Also see: Early Buddhism's Model of Awakening

(Image: The Avalokiteśvara Bodhisattva)

About 400 years after the passing away of Shakyamuni Buddha, i.e. around 1 century BCE, the school of Mahayana Buddhism developed with a different emphasis, focus and aim of practice as compared to the practitioners of Early Buddhism (Also see: Early Buddhism's Model of Awakening). Examples of forms of Mahayana Buddhism practiced today include Zen, Pure Land, Tantric/Vajrayana (including Tibetan, Japanese Shingon), Tendai, and a number of others schools that no longer exist today or are absorbed into Zen (e.g. Huayan). Today, the number adherents of the Mahayana forms of Buddhism in the world have exceeded the number of adherents of the Theravada/Early form of Buddhism due to the extent in which Mahayana forms of Buddhism have spread into China, Japan and Tibet.

The practitioners of Early Buddhism (of which Theravada is modeled after), or what Loppon Malcolm calls "Mainstream Buddhism" (because it was a much more commonly practiced form of Buddhism in the past in India), aimed to attain their own liberation or Nirvana by removing the afflictions (passion, aggression and delusion) that causes rebirth. Thousands of Buddha's students attained that goal called Arahantship.

However, Mahayana Buddhism has a higher aim. Not only do they want to remove the causes for samsaric birth, they also want to remove all knowledge obscurations preventing the attainment of omniscience and Buddhahood, for the sake of liberating all sentient beings. Mahayana Buddhists feel that the scope of attaining liberation for oneself is too limited, so out of great compassion and for the benefit of all sentient beings, they want to attain the same Buddhahood as Shakyamuni. The practitioner walking the path to Buddhahood is called a Bodhisattva.

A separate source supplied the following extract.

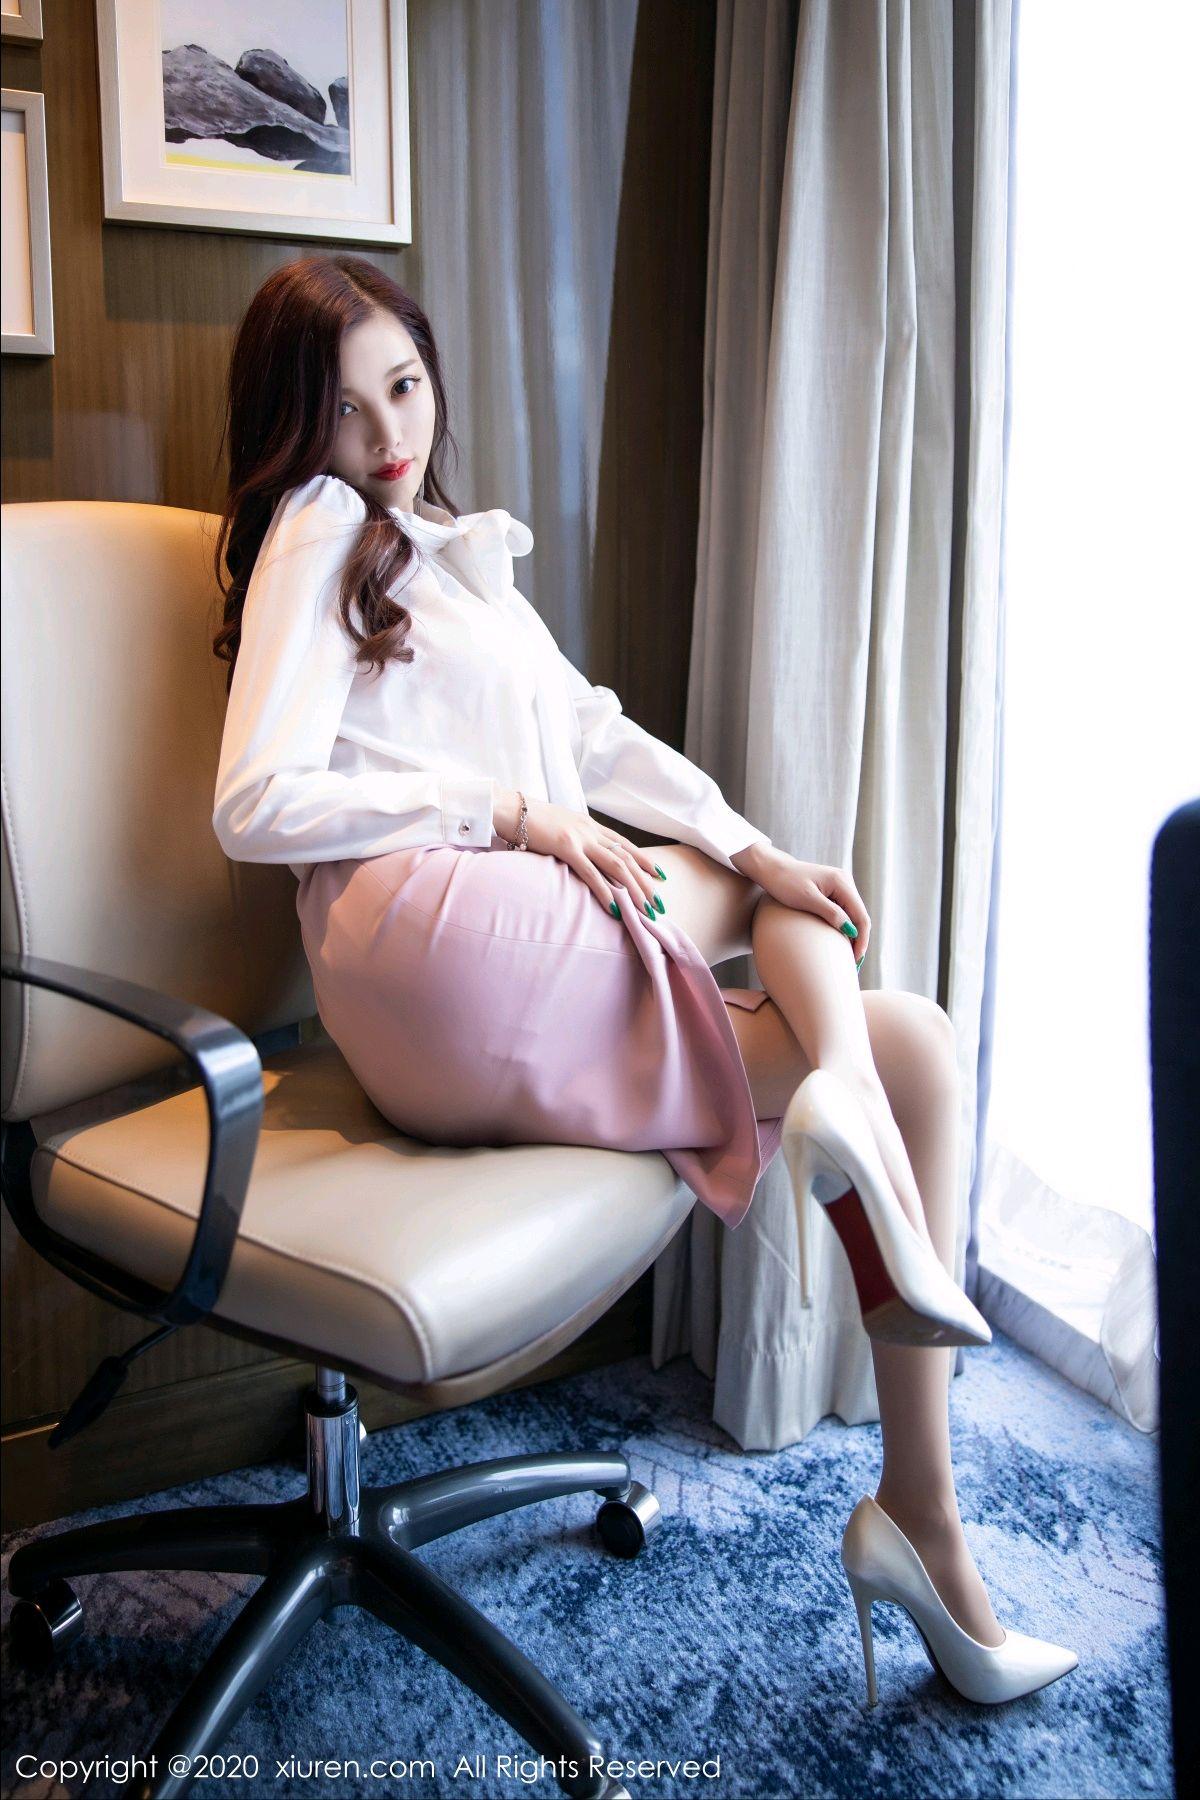 [XiuRen] Vol.2431 Yang Chen Chen 46P, Tall, Underwear, Uniform, Xiuren, Yang Chen Chen

This post attempts to share the model of awakening in classical Mahayana Buddhism. There are 10 stages of an awakened Bodhisattva, beginning with the direct realization of twofold emptiness. (The Tibetan/Vajrayana traditions may also add a few more stages, making it 13 or 16)

From a writing I wrote:

...The reason I said Bernie is a 'real bodhisattva' is not because of impressive sounding words he spoke but rather that he clearly actualizes and expresses his wisdom in compassionate activities. He is tremendously involved in compassionate and selfless activities empty of self and in total exertion. He is able to apply his wisdom of anatta and D.O. to dissolve I/mine making in the practice of paramitas in his encounters with sentient beings, which as Thusness said is the 'great anatta' (Thusness two weeks ago: "...anatta in the 6 is great actualization of anatta."). For most of us, although we may have this and that Bodhisattva vows or believe ourselves to be practicing the Bodhisattva way, it is as Thusness said, "In my opinion many of our great aspirations and high views turn empty talks easily...." - - or like my Mahayana teacher said, even the greatest vow becomes merely a discursive/fanciful thought when not actualized....
...The practice and engagement of the 10 paramitas (or 6) in the daily life becomes of utmost importance in Mahayana Buddhism, allowing the twofold cultivation of merits and wisdom so necessary for the attainment of full Buddhahood. It is in fact in the very mundane activities of daily life and interactions that allows us the opportunity to attain the ten perfections (paramitas) that allows us to attain full Buddhahood. The paramitas are not just 'mundane qualities', but the actualization of awakened wisdom - for example, the perfection of generosity is not just the ability to give lots of money to other people, but rather, the selfless giving freed from any confusion of a giver-giving-gift. The wisdom of the emptiness of self and phenomena allows our act of generosity to be perfected. When our giving transcends giver-giving-gift, without attachments we relinquish and give and sacrifice for other beings out of genuine compassion, that is true generosity. The cultivation of the ten paramitas in conjunction of the wisdom of emptiness is itself a method for the liberation of our mental afflictions, clinging, I and mine-making, as well as the cultivation of immense merits required for Buddhahood.It is said that at each of the ten bhumi stages, one of the perfections have been perfected. For example, the first bhumi perfects the perfection of generosity, second bhumi the perfection of precepts, so on and so forth.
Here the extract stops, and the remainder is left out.